Throughout history, migration is linked to prosperity. Sri Lanka’s only experience with mass migration also proves this. Detractors may point that the South Indian plantation workers here are desperately poor. They are right. However, poverty is relative. The lot of Indian migrant workers also deteriorated after the government’s takeover of private tea estates and their desperately incompetent management.
A rapid burst of immigration might cause wages to temporarily dip. But when talent is available investment will catch up soon enough. Outsiders who look different and don’t speak your language will be distrusted. These apprehensions are real and need to be dealt with rather than be allowed to be captured by a fearful private sector or nationalists who will then drive them to their selfish advantage. Immigrants may push out of jobs Sri Lanka’s least skilled and uneducated. However, even without immigrants, these workers are at risk of being replaced by technology and automation. The vulnerable must be retrained, and if necessary, protected by a safety net. It does not make sense to deny the opportunity to almost everybody because a few are unable to compete. Immigration also no longer flows from a poor country to a rich one. Many immigrants are now going from one poor country to another or to a middle-income country. Bangladeshis now find jobs in the Middle East and Zimbabweans in South Africa. For decades rich economies have been vigorously competing for the best talent from the outside. Sri Lanka has stood ideally by. The fourth idea is to improve transparency in key state-owned enterprises and improve their governance by listing their shares in the stock exchange and opening the avenue for these to tap the capital market in the future. Not all state enterprises can be listed. But the commercial ones like banks and even an airline can be listed. Capital markets are regulated to protect the interest of shareholders, in this case the government, and subject company boards and management to meet those transparency and good governance requirements. In 2018, 16 state-owned enterprises lost Rs157 billion rupees or a billion dollars at the then prevailing exchange rate. Lossmaking businesses, not a going concern, aren’t the most feasible to be listed. However, by listing those that are ready will create the path for better governance at others. The fifth and final idea that can drive quick results is implementing a digital ID for all Sri Lankans. For people to carry out transactions and perform significant tasks online they first have to prove that they are who they say they are. That’s where a digital ID matters. Every digitization success anywhere in the world has been preceded by a digital ID first being available. Solving this does not require entirely new systems because most Sri Lankans already have an ID.

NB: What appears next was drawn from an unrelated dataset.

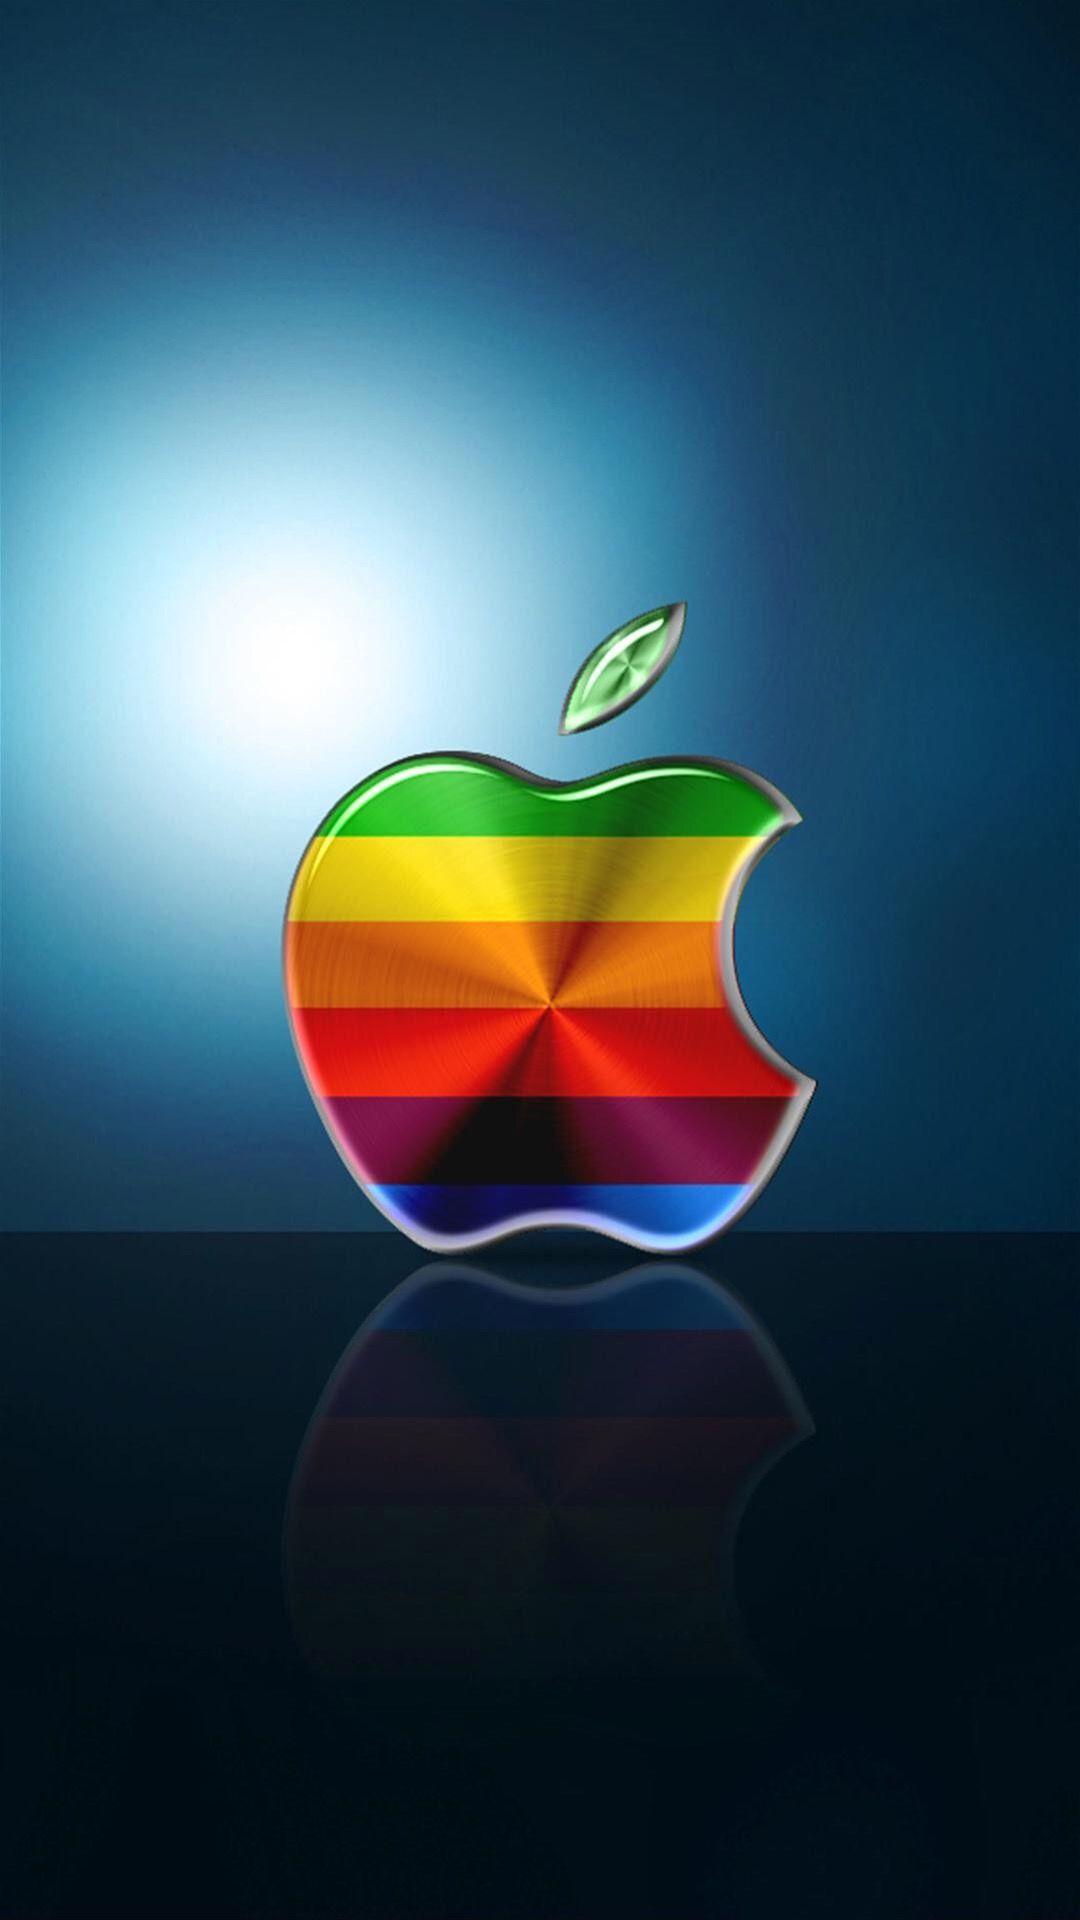 Applelogo Appleiphone Appleipad Ios13 Iphonewallpaper Apple Wallpaper Apple Logo Wallpaper Iphone Apple Wallpaper Iphone

All that is required is to digitise the existing ID. Digital ID is one of the foundation blocks of fintech. Because structural reforms have been neglected for so long the potential list is long. Among others it will include agriculture, improving women’s participation in the workforce and making it easier for businesses to operate. Among a sea of potential structural reforms these disparate five, however, offer an outsized opportunity to aid a quick economic turnaround and sustain the momentum.
The window for enacting bold policies will not stay open for long. The mountain of debt and other challenges have not yet hurt the economy too badly. But the economic environment is becoming unfriendlier as the new government’s honeymoon comes to an end. If it wants to swerve away from the looming crisis, it will have to act fast.